The Pharisees and Sadducees were not on the best of terms to begin with. The Sadducees had little public support, so they had to acquiesce to the Pharisees on many occasions. This gave some power to the Pharisees, although they were a minority on the Council. The Pharisees had more in common with the messianic Christians and might, on occasion, feel a degree of kinship with them. It was the Sadducean group, including the high priestly families, that seemed to form the most virulent opposition to the Christians.
On this occasion, Paul claimed to be a Pharisee. The Pharisees may have suspected that the Sadducees were trying to discredit their position by trying Paul on beliefs they held. The Pharisees may also have surmised that Paul was not that bad a character, given his background in Torah. One might conclude that Luke was painting the Pharisees in a good light. But this is not necessarily so, as we saw in our discussion of Gamaliel. True enough, the Pharisees may have had some beliefs right, and might counsel a more moderate course. However, their response to Jesus as Savior was non-committal at best, as it had been earlier (5:34-39). They may have defended Paul, but they did not accept Jesus.

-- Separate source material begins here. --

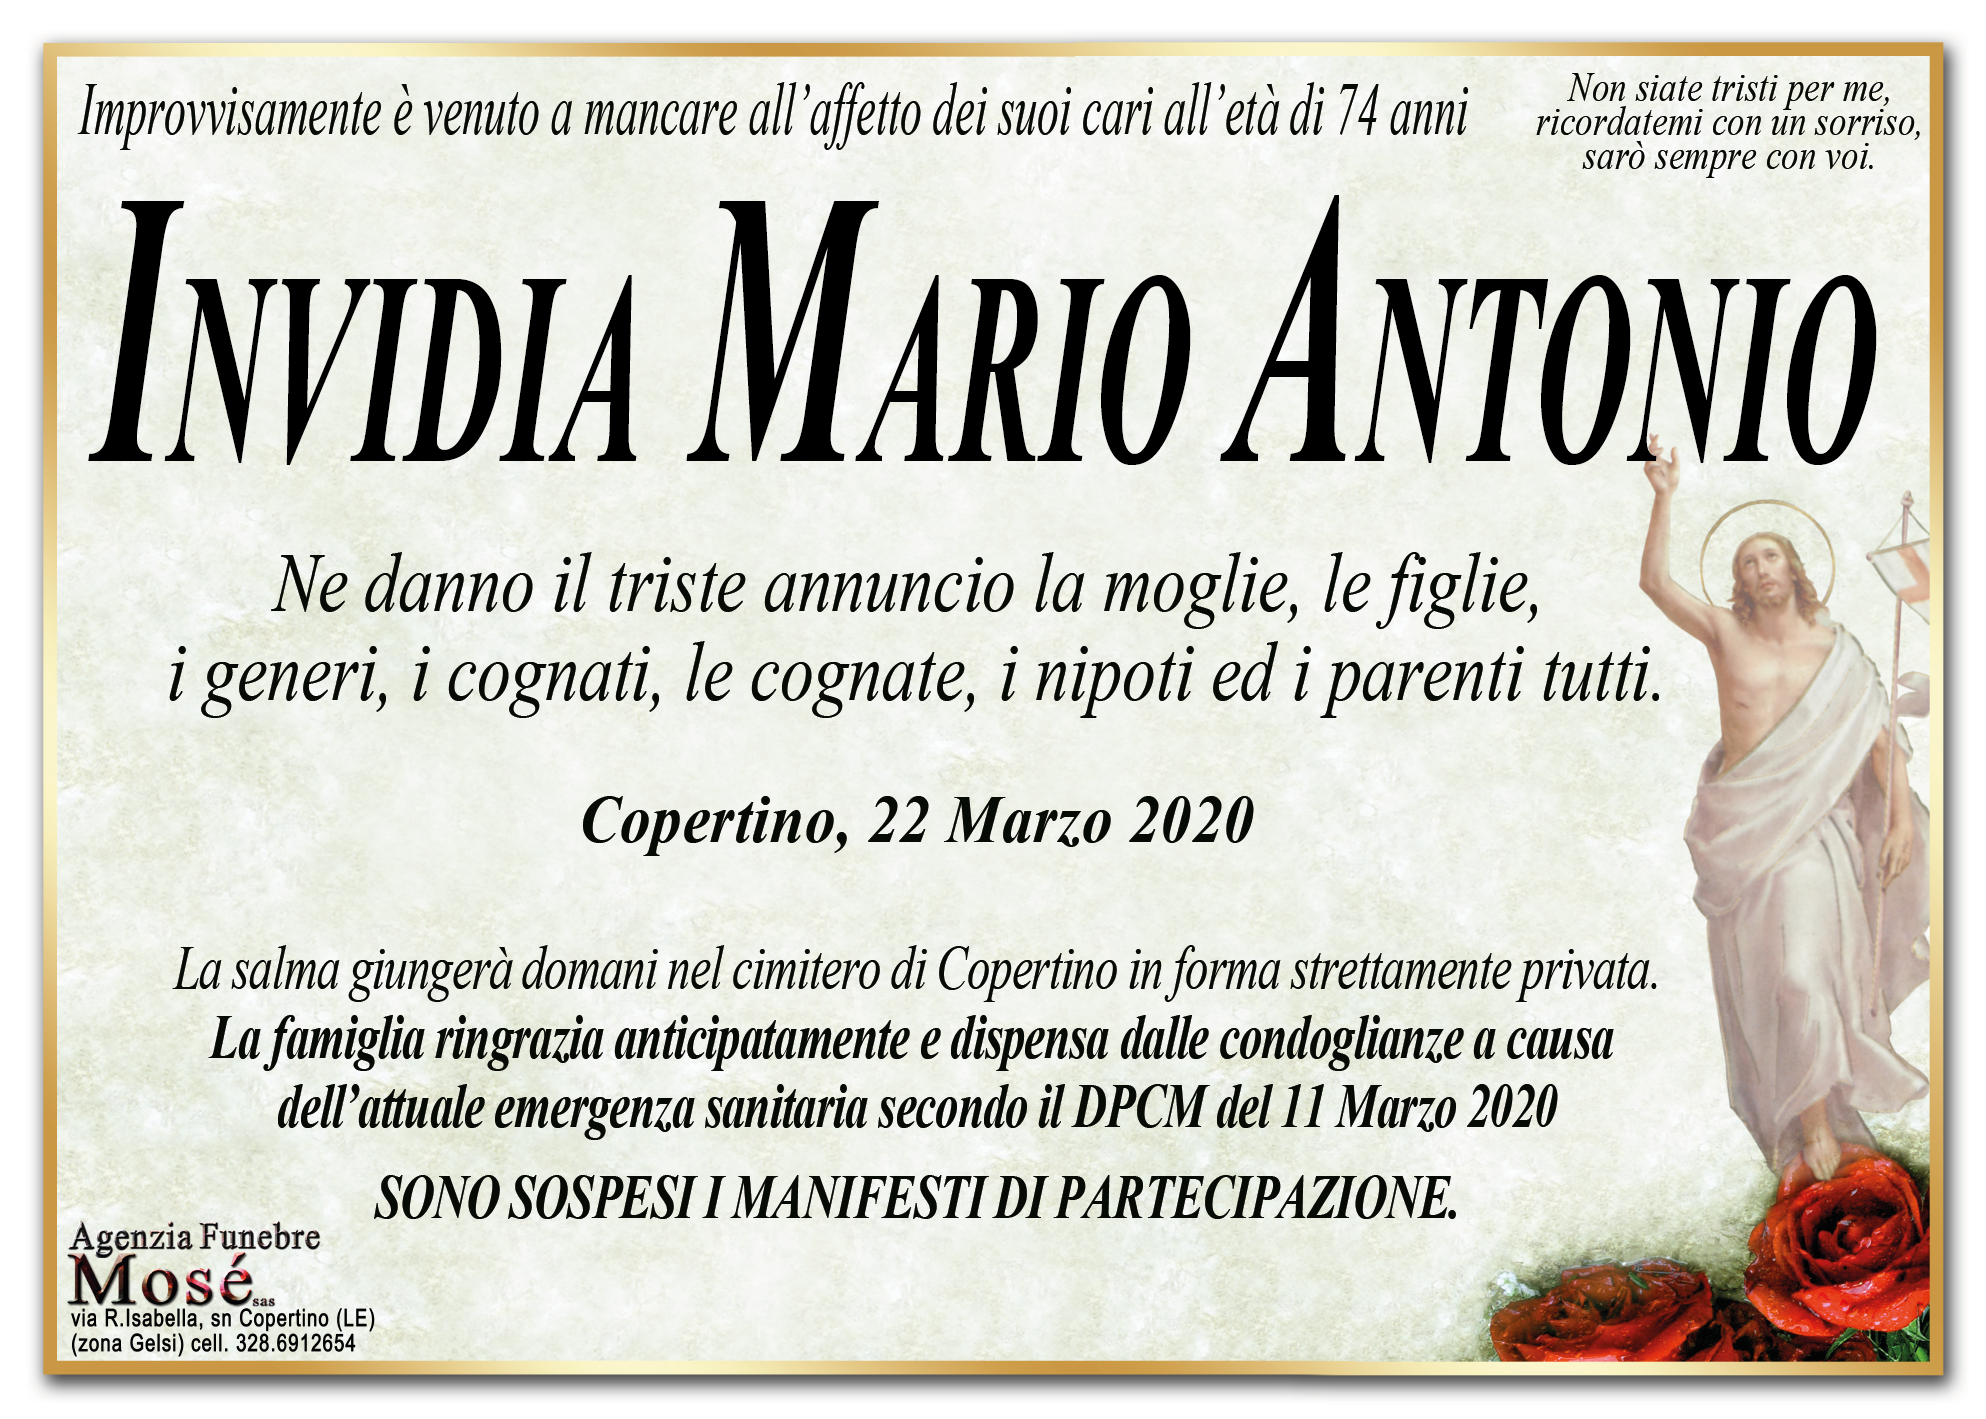 Mario Antonio Invidia

Paul was able to use the disagreements and differences in viewpoint between Sadducees and Pharisees to good advantage. The dispute between the two groups became so violent that Lysias, the commander, was fearful that his prisoner would be hurt. Lysias ordered a detachment of troops to take Paul from the council by force and bring him into the barracks (23:10). Paul was now taken into protective custody by the Roman authority. For the rest of Acts, for a period in excess of four years, Paul would remain a prisoner of the Romans.
“Testify in Rome” (Acts 23:11)
The situation must have seemed bleak to Paul. He had been warned over and over again that he would face dire troubles in Jerusalem. He had barely survived three attempts on his life in just a couple of days or so (21:31; 22:22; 23:10). That his life would end in Jerusalem must have seemed like a likely possibility. Jesus had spoken about a Jerusalem that killed the prophets and stoned those whom God had sent to its people (Matthew 23:37). Paul himself had seen and applauded the death of Stephen in this city. Now, it must have seemed that his turn to be killed had come.
But in one of the darkest nights of his life, Jesus appeared to Paul and said, “Take courage! As you have testified about me in Jerusalem, so you must also testify in Rome” (23:11). As during other critical moments of Paul’s ministry and life, God gave him special reassurance through a vision (9:4; 16:9; 18:9-10; 22:17; 27:23). Earlier, Paul had voiced his desire to visit Rome (19:21). The vision shows that Paul had Christ’s approval in his desire to move the center of his preaching westward to Rome.
Now, Paul was certain that he would get to Rome after all. We as readers can breathe a sigh of relief. We know Paul will somehow escape this perilous situation, no matter how many twists and turns it may take.
Plot on Paul’s life (Acts 23:12-22)
A comforting vision in Corinth had been given to Paul just before the Jews made a united attack on him. The attempted persecution proved totally unsuccessful. Now, another vision that told Paul he would escape Jerusalem with his life came just hours before conspirators hatched another plot to kill him.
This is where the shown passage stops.